Three other Democrats appear on the Primary ballot.

The U.S. Senate race in Florida may be shaping up as one of the most closely watched contests in the country. But a Democratic Primary leading into the race seems a forgettable formality.

The contest in many senses felt over as soon as U.S. Rep. Val Demings announced she would challenge Republican incumbent U.S. Sen. Marco Rubio.

A former Orlando Police Chief, a short list running mate contender for Joe Biden’s presidential campaign and one of the House managers for the first impeachment of Donald Trump, her entry inspired immediate excitement.

U.S. Rep. Stephanie Murphy quickly decided not to run herself, apparently determining it would be difficult if not impossible to defeat Demings for the nomination. Other challengers eventually reached the same conclusion, including former U.S. Rep. Alan Grayson, former congressional candidate Allen Ellison or Miami City Commissioner Ken Russell, who all chose to run for U.S. House seats instead.

But Demings wasn’t just handed the nomination either. On Aug. 23, she faces three other Democrats: Ricardo de la FuenteBrian Rush and William Sanchez.

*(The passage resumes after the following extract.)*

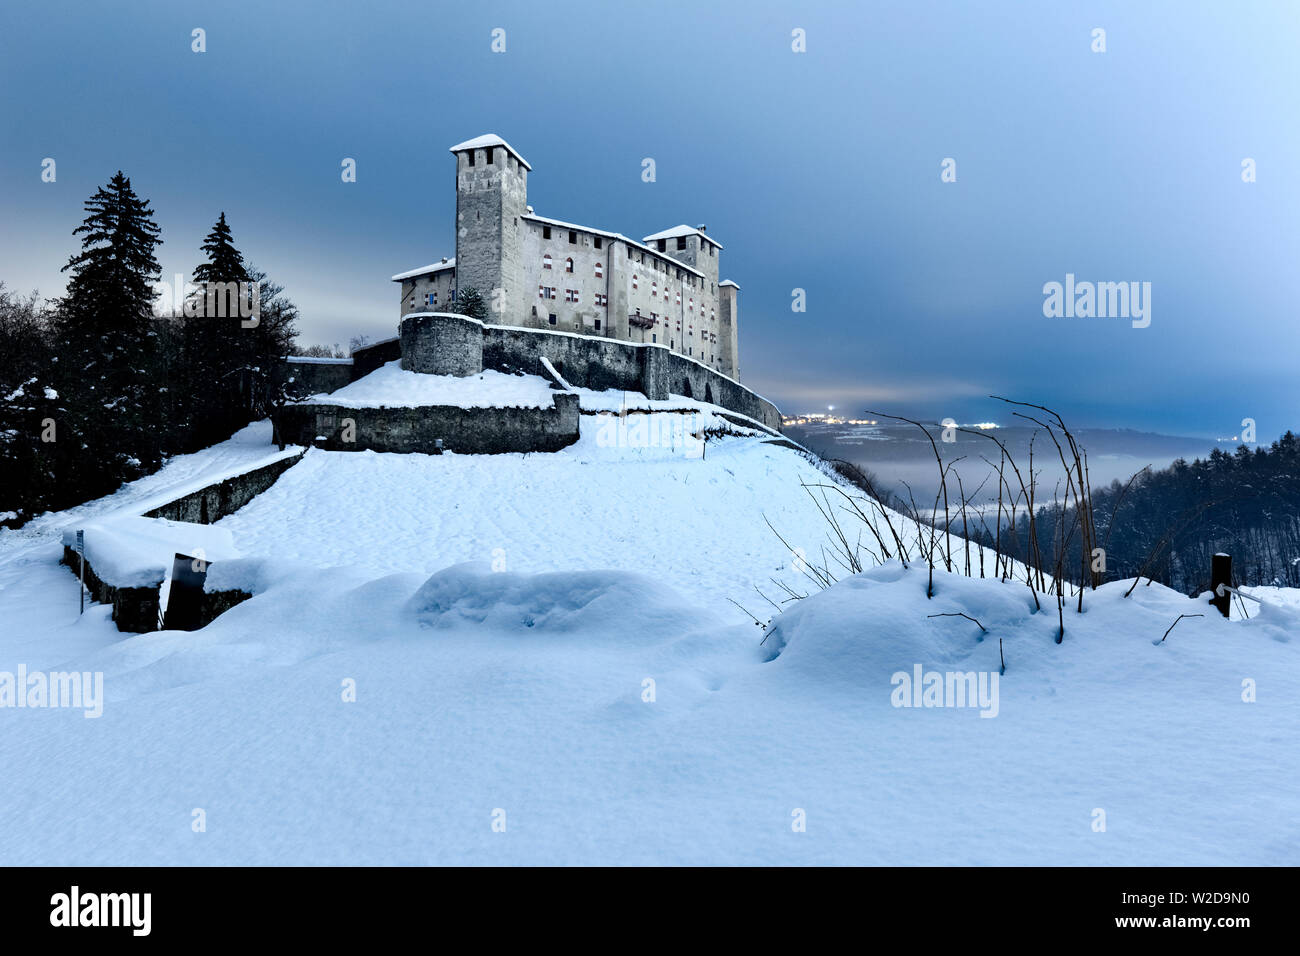 Notte invernale al castello di Cles. Val di Non, in provincia di Trento, Trentino Alto Adige, Italia, Europa. Foto Stock

Sanchez, a lawyer and son of Cuban immigrants, has proven the most successful fundraiser among Democrats not named “Val.” He has raised more than $260,000 for the state run through Aug. 3. That’s nothing compared to the nearly $48 million raised by Demings, but he’s been able to pour six figures into the race to reach Democratic voters ahead of the Primary vote. Before running, he co-founded nonprofit groups such as City Kids Inc. and the Philippine Charities Foundation — and now wants to make a difference in Washington.

“I want to be part of the new movement that is bringing in progressive change,” Sanchez said in a video that launched his campaign last year.

Brian Rush, a former state Representative, rose to Majority Whip in the Florida House. While in state government, he championed public education, and served as Vice Chair of the House K-12 Education Committee. His family was long active in the St. Petersburg community.

His campaign has gone openly negative against Demings, calling her “out of touch” and criticizing a voting record he said contributed to inflation. “We need a change in Congress and a new direction to fight rising prices,” Rush said in an online digital video. But having raised just over $46,000 for the statewide campaign up until Aug. 3, he has limited means to put his messaging in front of voters.

Meanwhile, de la Fuente has reported no fundraising over the court of the race. He may be able to borrow a little name recognition from his father, Rocky de la Fuente, who has repeatedly run for Senate in Florida and other states, and even made a bid for President in 2016 and 2020. A long list of campaigns never resulted in a similar list of wins, but at least the family name has appeared in front of voters plenty of times.

Like his father, Ricky de la Fuente has run for federal office in multiple states before including Florida, California and Texas, according to the Austin American-Statesman.

“While Florida will continue to face challenges in extreme weather events, affordable health care for all, and meaningful well-paying job creation, I am prepared to defy both the odds and the political structures to fight together for the future of every Floridian,” he wrote on his website.

But the contest remains Demings’ to lose. She’s massively outraised all Democratic competitors and has already built up a national network of supporters and a profile to match.

Additionally, polls show her to be increasingly competitive against Rubio. Two polls published this month, one from Change Research and another from Clarity Campaign Labs, showed her even with Rubio among likely voters, and a University of North Florida even showed her 4 percentage points up.